There are many interesting and useful contributions offered in the book. One is represented in the following figure (5.1), in which Craver and Darden point out that there are multiple ways in which mechanisms are invoked in scientific research, not just one. The most common way in which we think of mechanisms is as "producers" of outcomes -- the first panel of the figure. But there are several other valid uses as well. There is the "X underlies Y" relation (panel 2), in which we provide a set of mechanisms X as an explanation of how the properties of Y are constituted; and there is the "X maintains Y" relation, in which we provide a set of mechanisms X as an explanation of the homeostasis of Y (the feedback loops and corrective mechanisms that return Y's properties to equilibrium after a period of drift or change).

 
 
Another interesting observation that C-D develop is the idea of "modular subassembly". 

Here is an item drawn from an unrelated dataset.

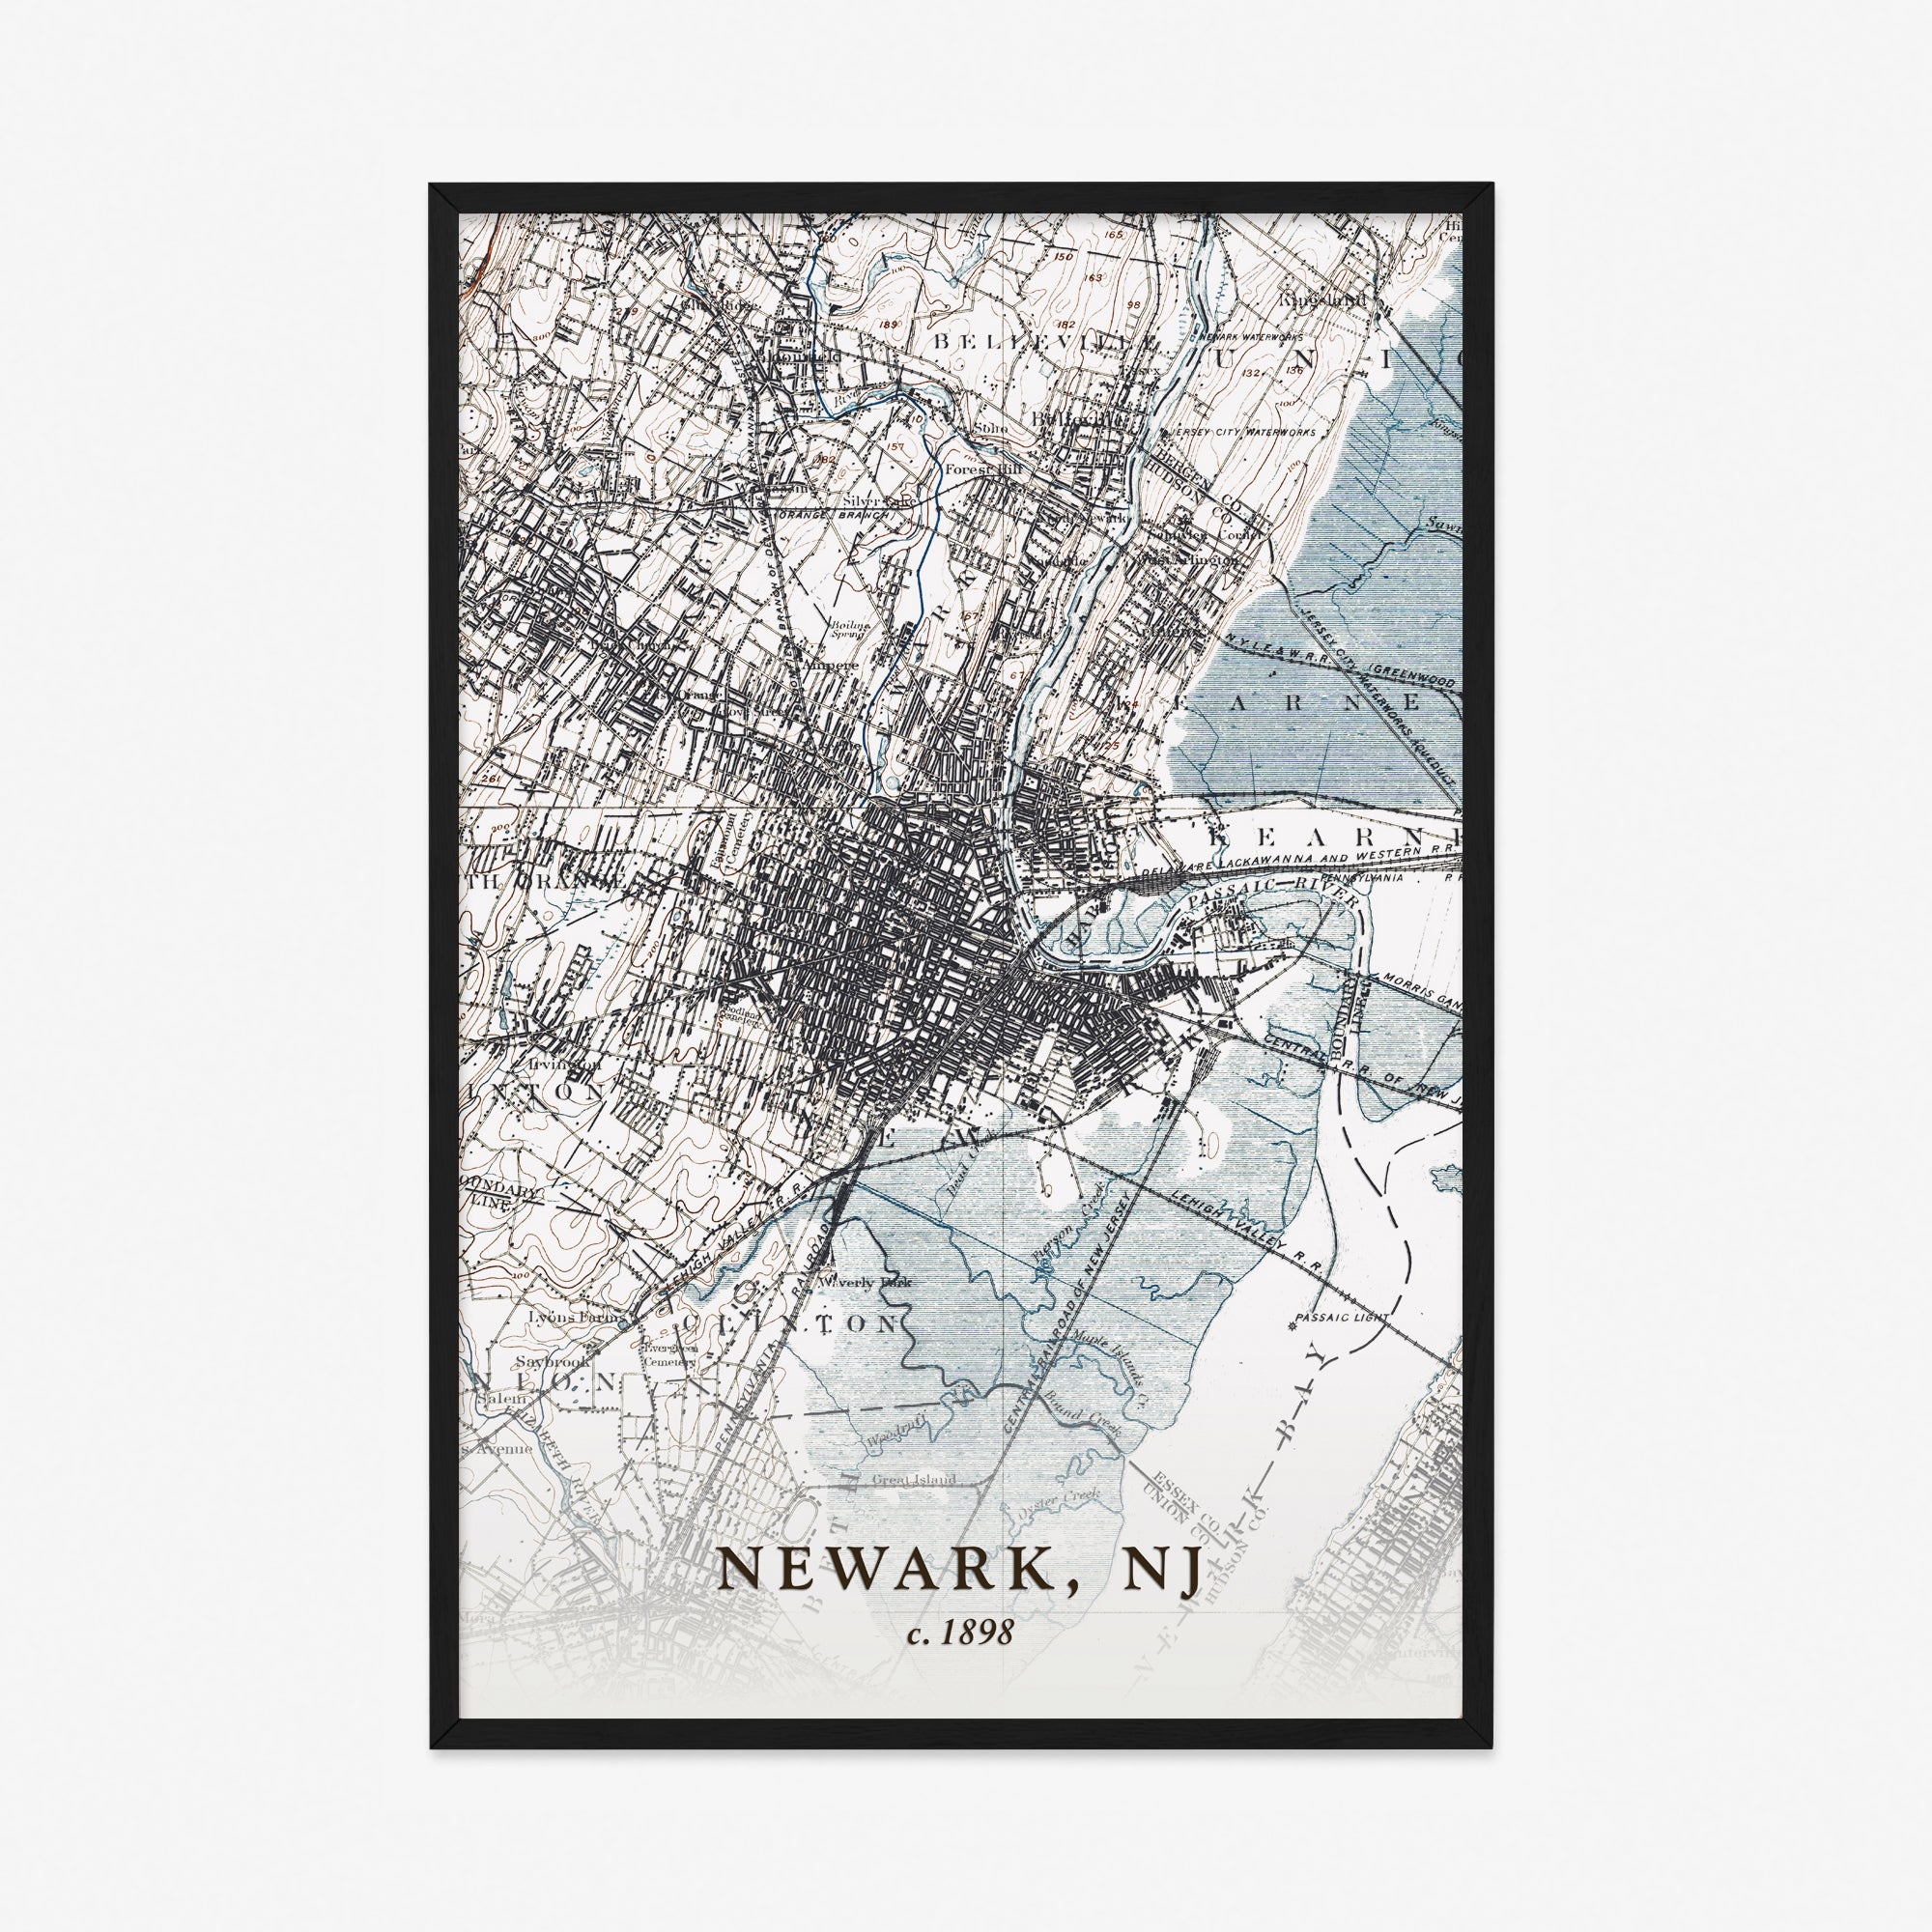 Newark, NJ - 1898 Topographic Map

This process, modular subassembly, involves reasoning about how mechanism components might be combined in surprising ways. One hypothesizes that a mechanism consists of (either known or unknown) modules or types of modules. One cobbles together different modules to construct a hypothesized how-possibly mechanism, guided by the goal of finding modules to fill all the gaps in a productively continuous mechanism. In doing so, scientists draw upon their knowledge of the store of types of entities and activities and modules (i.e., interconnected entities and activities that have a particular function). (kl 1726)
This description invokes the idea of realistic inquiry into the subprocesses that give continuous action to the mechanism. Essentially this invokes the idea of opening the black box of the mechanism and asking how the mechanism itself works. And the ontological assumption is that the mechanism consists of discrete sup-processes.
 
A third valuable idea that is advanced in this work is the idea of multi-level mechanisms.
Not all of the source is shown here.